Fiskalischer Impuls bleibt aus

Experten mahnten zwar, dass das Ausbleiben konkreter Zahlen bei den Konjunkturhilfen an den Märkten für Enttäuschung sorgen könnte. „Der große fiskalische Impuls, auf den die Anleger gehofft hatten, um die Aktienmarktrally in Gang zu halten, blieb aus“, sagte Investmentstratege Vasu Menon vom Finanzinstitut OCBC in Singapur. Aber die Pläne könnten der Wirtschaft helfen, auch wenn längerfristig mit einer Verlangsamung beim Wachstum zu rechnen sei, meinte Bruce Pang, Chefökonom für China beim Immobilienspezialisten Jones Lang LaSalle. „Wenn dieses Paket bald umgesetzt werden kann, kann das Wachstumsziel in diesem Jahr erreicht werden“, sagte er.

China kämpft gegen deflationäre Tendenzen, also gegen eine Abwärtsspirale aus sinkenden Preisen und Konsumzurückhaltung, die der Wirtschaft schadet. Trotz einer Reihe von Stimulusmaßnahmen ist es der Regierung bislang noch nicht gelungen, das Wachstum stärker anzukurbeln. Eine starke Belastung für die Wirtschaft bleibt der angeschlagene Immobiliensektor, die hohe Verschuldung von Regionalregierungen und eine angespannte Lage am Arbeitsmarkt. Niedrige Löhne, hohe Jugendarbeitslosigkeit und ein schwaches Sozialsystem belasten den Binnenkonsum. Dadurch bleibt auch die Abhängigkeit von Exporten hoch. Allerdings sorgen hier die Schwäche der Weltwirtschaft, geopolitische Spannungen und Handelsstreitigkeiten etwa mit den USA und der EU für Gegenwind.
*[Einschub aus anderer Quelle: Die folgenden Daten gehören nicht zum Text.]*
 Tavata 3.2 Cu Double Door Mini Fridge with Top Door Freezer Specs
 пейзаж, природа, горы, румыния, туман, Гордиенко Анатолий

Fünf-Prozent-Ziel gefährdet

Zuletzt hatten zahlreiche Konjunkturdaten aus China enttäuscht. Bei Ökonomen und Investoren schürten diese Probleme die Sorge, dass das von der Regierung für dieses Jahr angestrebte Wachstum von rund 5% gefährdet sein und ein längerfristiger Abschwung drohen könnte. Die Industriestaaten-Organisation OECD geht davon aus, dass das Bruttoinlandsprodukt (BIP) 2024 um 4,9% und 2025 nur noch um 4,5% zulegen dürfe.